Examples of polluting heating systems are listed as follows:

  • Gas boilers
  • Oil boilers
  • LPG systems

These need to be replaced by “Clean Heating Systems” (i.e. zero direct emissions heating systems), listed as follows:

  • Electric heat pumps (air source and ground source),
  • Electric storage heaters
  • Electric boilers
  • Connection to a local heat network

(Note: see below under periods of grace re bioenergy boilers which are not defined as “clean”.)

 Two inter-related objectives:

  • To eliminate direct carbon emissions from the heating systems of our homes and buildings
  • To improve the energy efficiency of (i.e. reduce the amount of energy required to heat) our homes and buildings.

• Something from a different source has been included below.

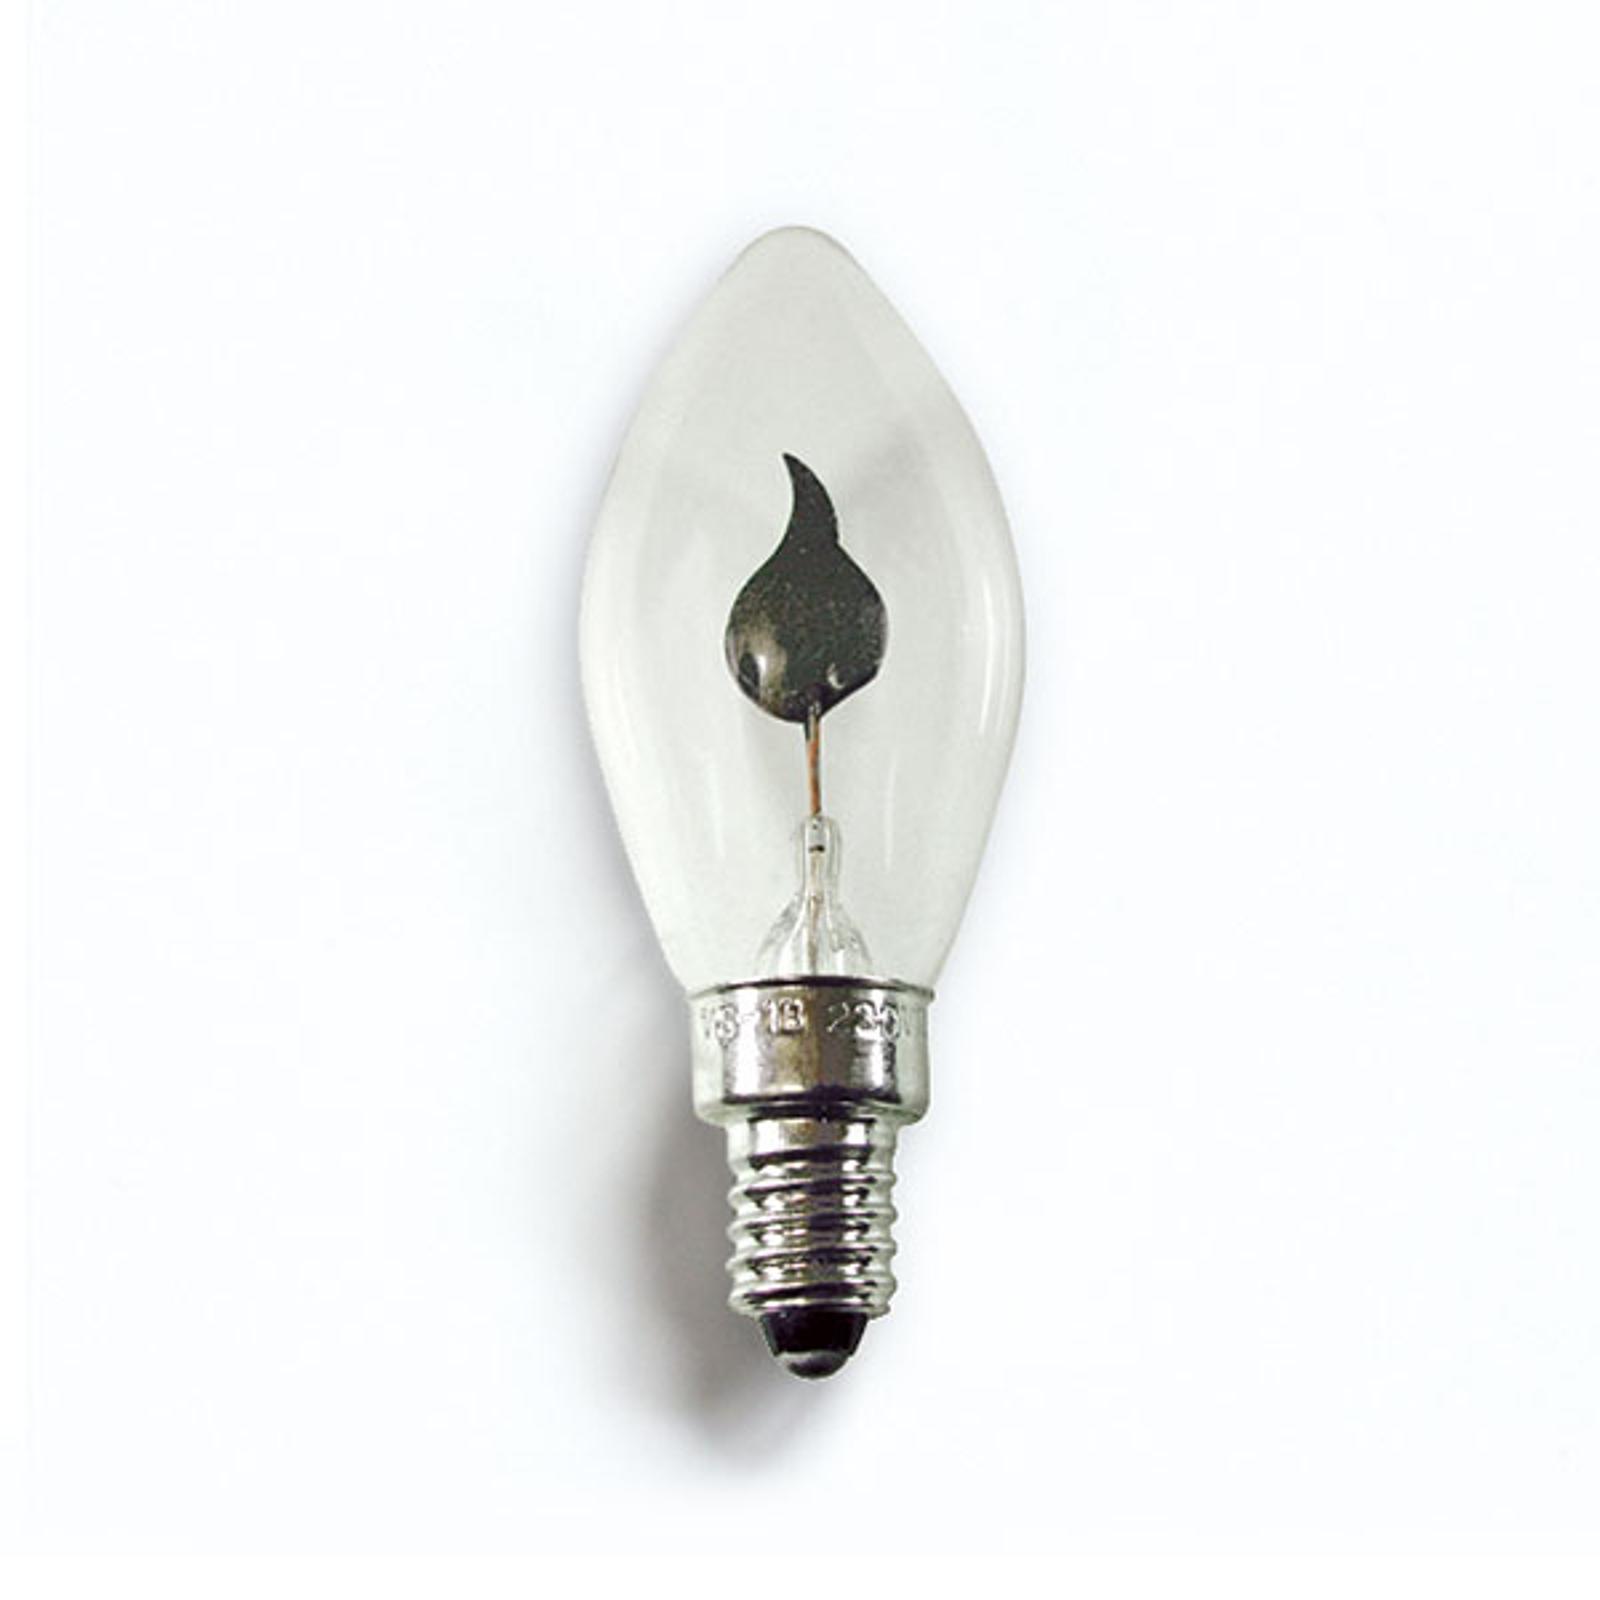 E10 1,5W 230V reservlampor 2-pack fladdrande ljus

 These should have positive knock-on effects addressing fuel poverty and making homes healthier and more comfortable.

 Domestic Homes

  • Certain trigger points will require a change of heating system before the 2045 prohibition:
  • Sale of property: the purchaser will have 2 to 5 years to make the change after purchasing a property
  • If a local heat network becomes available, the owner will be required to join it or switch to an alternative clean system
  • Owner occupied homes: end of 2033: required to meet a minimum energy efficiency standard (see below for exemption)
  • Private rented homes: end of 2028: landlords required to meet a minimum energy efficiency standard
  • Social housing is subject to specific legislation already in place and being reviewed.

Energy efficiency standards: the minimum standard to be met:

  • Either by installing a straightforward list of measures
  • Or by showing a good level of energy efficiency based on a reformed EPC fabric efficiency metric

Exemptions and Grace Periods:

  • Owner occupied house: no need to meet the energy efficiency requirements if it has a clean heating system. (Note: this exemption does not apply to the private rented sector)
  • Flexibility is to be built in to the proposals for complex, hard-to-adapt homes, e.g. tenements, flats and listed buildings
  • Extra time given for a house on a bioenergy system
  • Emergency back-up heating systems using fossil fuels will be exempt, as will other household items, e.g. gas cookers

Recognition of Costs: Government recognises the costs involved and is consulting on how a cost cap might be implemented, as well as looking to work with banks and financial institutions to ensure financial products are available to support people.